EWS bosses confirmed the increase in a letter to leaseholders.
They wrote: “It is with regret that Orwell Quay has received a significant increase in the renewal premium, and while this is clearly unwelcome, our broker is adamant that given the state of the insurance market and the rates they are seeing for other buildings with cladding issues, that they have achieved the best possible deal available to us.”
A spokesman for the firm told this newspaper the safety of leaseholders and residents is “paramount”.
“EWS have been working closely with owners Orwell Quay Ipswich Management Company Ltd (OQMC) following investigations into the cladding at the development which identified deficiencies,” they added.

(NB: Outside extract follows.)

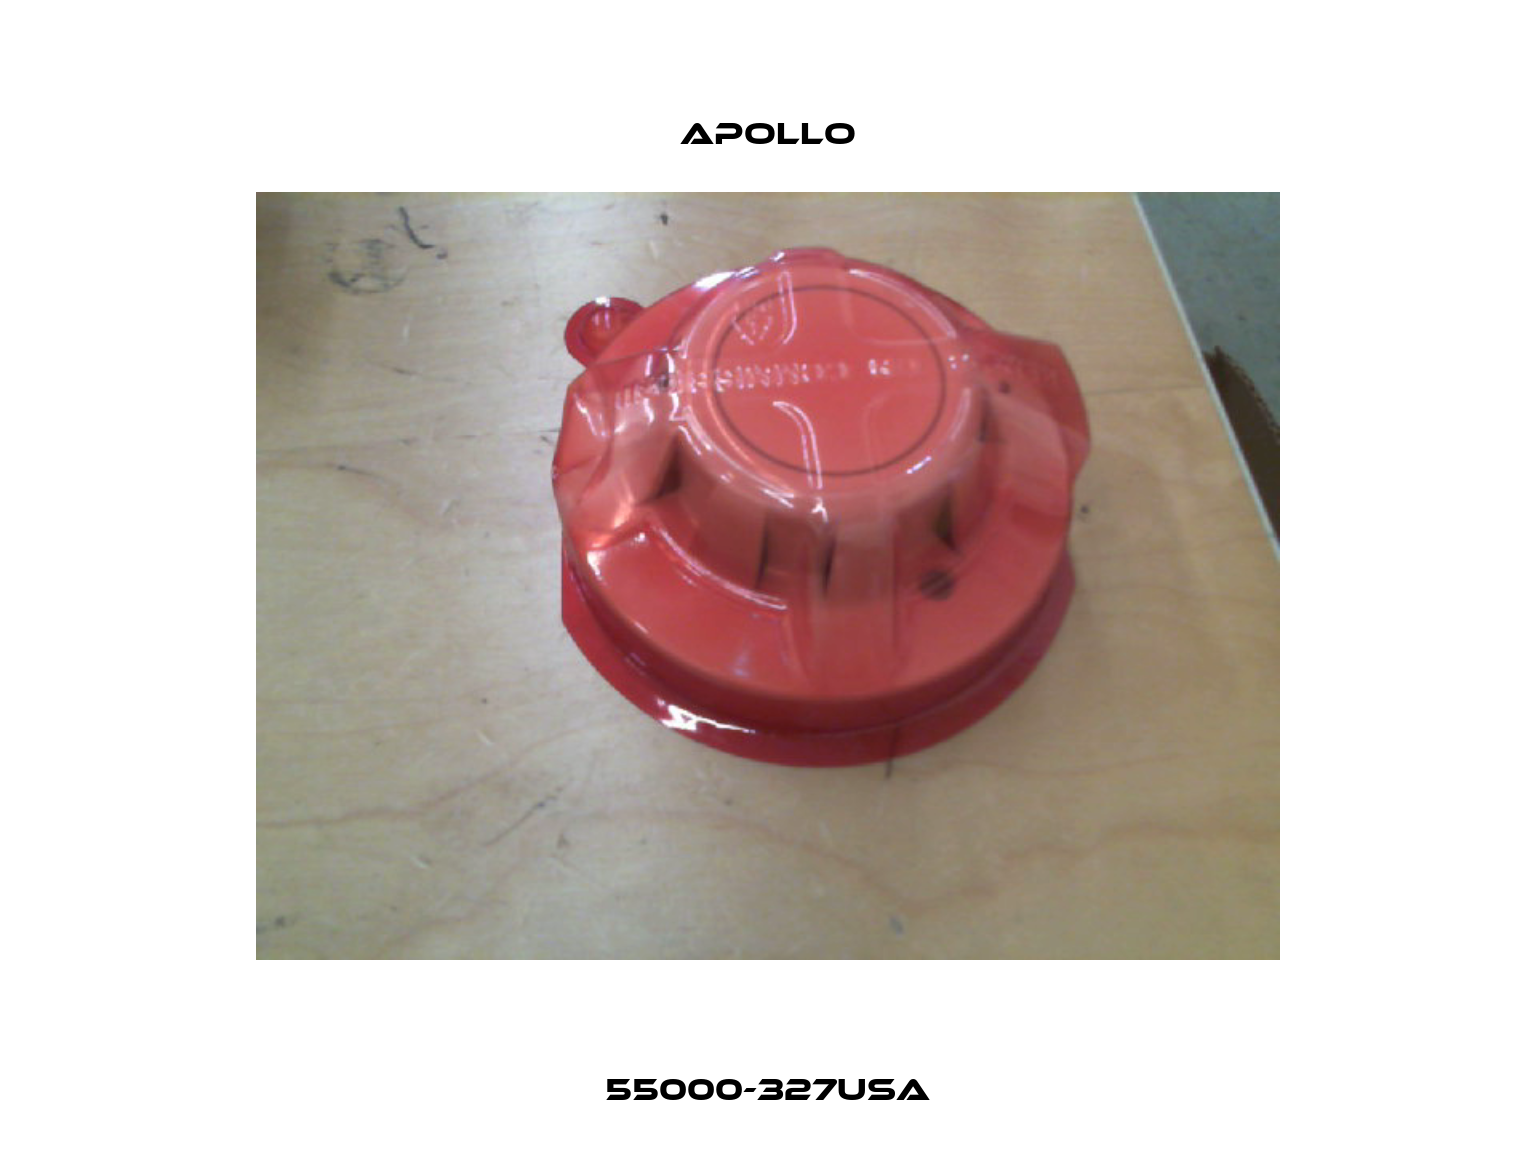 55000-327USA Apollo

“The cladding issues identified have unfortunately resulted in the buildings’ insurance premium increasing across the development.
“EWS is disappointed that the additional charges have had to be passed to the leaseholders and are not covered by the government scheme, however we understand that this higher premium is expected to only stay in place until the necessary remedial works have been completed.”
Bosses added in their letter to owners that they have pushed Persimmon Homes, the developer, to confirm its commitment to Orwell Quay and that the cladding works will be carried out on all buildings, irrespective of height.
The managing agents also claim to have received a statement from Persimmon confirming they will foot the bill, irrespective of independent warranties or building control inspections/sign-offs.
A spokesman for Persimmon Homes added: “We don’t believe that leaseholders should have to pay for banned cladding removal or any safety issues from the original development that now need addressing.
"Therefore, we are working closely with EWS and providing practical and financial support to ensure the ongoing safety of residents at Orwell Quay.”
Work is expected to start on the buildings in early August 2021, according to EWS chiefs and last for around six months.
Are residents safe?
EWS’ letter adds that it wants all works to be carried out at the same time, to help resolve issues with people selling flats and to give “peace of mind” about the safety of the building.
Despite the deficiencies, the managing agents told leaseholders that a fire safety audit carried out by Suffolk Fire and Rescue Service is currently ongoing, with the service “confirming their confidence in the compartmentation of the building so far”.
The block’s ‘stay put’ policy, where residents are recommended to stay in their apartments in the event of a fire, can remain in place as detection devices inside the flats would provide “adequate warning of fire” to allow the fire service to attend.
“That, in conjunction with other fire precautions, would not present an extreme risk to residents in the event of a fire,” EWS bosses added, but they did recommend residents should not use barbecues or smoke on balconies.
This is not the first Waterfront development to be impacted by insufficient cladding and fire safety problems.
Cardinal Lofts was inspected last year and leaseholders asked to foot the bill, while The Mill also has flaws in its cladding.
Closer to town, St Francis Tower residents last week told how they felt "suffocated" by new plastic shrinkwrap in place while cladding is repaired.